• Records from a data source
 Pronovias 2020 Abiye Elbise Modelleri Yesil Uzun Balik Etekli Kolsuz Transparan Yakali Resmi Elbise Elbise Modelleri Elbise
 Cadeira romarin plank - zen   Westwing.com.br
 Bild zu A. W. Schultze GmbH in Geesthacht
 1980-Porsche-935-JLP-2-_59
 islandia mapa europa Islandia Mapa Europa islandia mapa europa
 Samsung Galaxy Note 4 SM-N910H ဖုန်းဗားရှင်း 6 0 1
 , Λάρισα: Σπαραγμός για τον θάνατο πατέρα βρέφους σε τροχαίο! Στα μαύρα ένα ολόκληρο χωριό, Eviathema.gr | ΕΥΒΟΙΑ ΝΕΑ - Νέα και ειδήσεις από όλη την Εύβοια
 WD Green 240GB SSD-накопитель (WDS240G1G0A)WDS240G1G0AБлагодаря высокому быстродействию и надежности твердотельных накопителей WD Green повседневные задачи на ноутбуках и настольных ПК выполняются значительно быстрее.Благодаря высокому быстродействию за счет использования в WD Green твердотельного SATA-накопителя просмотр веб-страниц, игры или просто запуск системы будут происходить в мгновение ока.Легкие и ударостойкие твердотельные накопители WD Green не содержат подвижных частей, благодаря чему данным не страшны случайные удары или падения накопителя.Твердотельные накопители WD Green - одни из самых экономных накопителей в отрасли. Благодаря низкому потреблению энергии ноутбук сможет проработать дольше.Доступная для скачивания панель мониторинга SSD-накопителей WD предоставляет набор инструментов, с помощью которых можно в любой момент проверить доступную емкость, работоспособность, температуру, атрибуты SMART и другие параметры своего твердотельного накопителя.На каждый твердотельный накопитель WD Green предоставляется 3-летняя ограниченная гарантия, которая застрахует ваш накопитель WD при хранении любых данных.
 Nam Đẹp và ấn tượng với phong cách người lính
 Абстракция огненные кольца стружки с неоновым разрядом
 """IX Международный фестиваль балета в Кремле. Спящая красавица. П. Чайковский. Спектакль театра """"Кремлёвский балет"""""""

• WHAT TO DO
Transcribe, exactly and without additions, the lines of the records above, beginning with the line that contains "Bild zu A. W. Schultze GmbH in Geesthacht" and ending with the line that contains "όλη την Εύβοια", both included.

• FINISHED TASK
 Bild zu A. W. Schultze GmbH in Geesthacht
 1980-Porsche-935-JLP-2-_59
 islandia mapa europa Islandia Mapa Europa islandia mapa europa
 Samsung Galaxy Note 4 SM-N910H ဖုန်းဗားရှင်း 6 0 1
 , Λάρισα: Σπαραγμός για τον θάνατο πατέρα βρέφους σε τροχαίο! Στα μαύρα ένα ολόκληρο χωριό, Eviathema.gr | ΕΥΒΟΙΑ ΝΕΑ - Νέα και ειδήσεις από όλη την Εύβοια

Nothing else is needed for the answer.